The sociology of knowledge is the study of the social bases of items or systems of knowledge and belief. Although Karl Manheim popularized the term sociology of knowledge in the 1930s the attempt to explain systems of knowledge sociologically originates in the work of the founding fathers, e.g. in Marx’s concept of ideology and Durkheim’s concept of collective consciousness.
The relevance of Schutz’s work to the concerns of the sociology of knowledge has been most clearly stated by Peter Berger and Thomas Luckmann in their book The Social Construction of Reality. Berger and Luckmann point out that this area has been concerned with the study of such phenomena as political ideologies, religious belief systems and moral crusades rather than with the knowledge that members of a society routinely employ and display in their everyday lives. As a result there has been a tendency to conceive of knowledge as simply one of many types of sociological features or variables.

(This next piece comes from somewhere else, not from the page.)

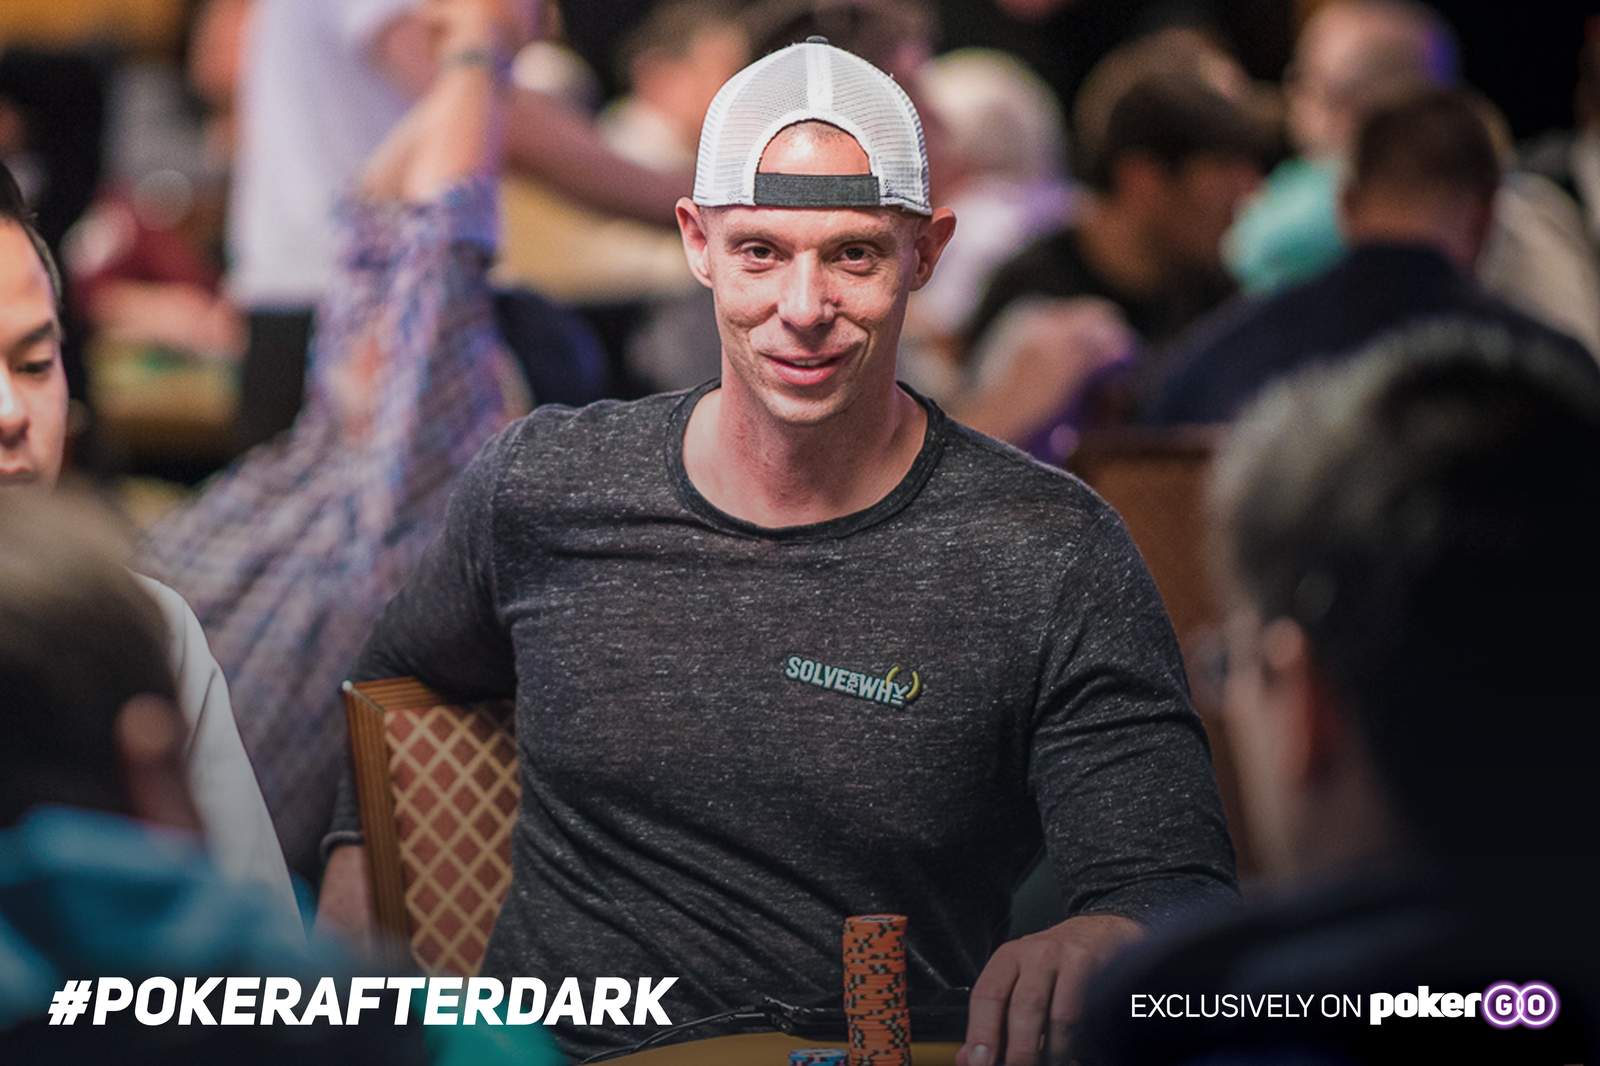 "Poker After Dark" is Back with Berkey & Hybrid Action

For Berger and Luckmann knowledge defined in the broad sense of the certainty that phenomena are real and that they possess specific characteristics, is so pervasive in and constitutive of social life that it should not be treated in this manner.Instead they argue that the sociology of knowledge must concern itself with every thing that passes for knowledge must concern itself with everything that passes for knowledge in society. Consequently the sociology of knowledge should no longer be regarded as merely a particular area or aspect of sociological interest but as relevant to all investigations of social life. According to them the sociology of knowledge must first of all concern itself with what people know as reality in their everyday, non-or pre-theoretical lives. In other words, common sense knowledge rather than ideas must be the central focus for the sociology of knowledge. It is precisely this knowledge that constitutes the fabric of meanings without which no society could exist. They acknowledge that this conception of the nature of common sense knowledge and its importance for sociology derives directly from Alfred Schutz. They show how this conception of the sociology of knowledge as derived from the work of Schutz can be integrated into the general body of sociological theory. The social construction of reality attempts to show how a concern with common sense knowledge and the inter –subjective nature of social reality as outlined by Schutz can be integrated with existing sociological concerns.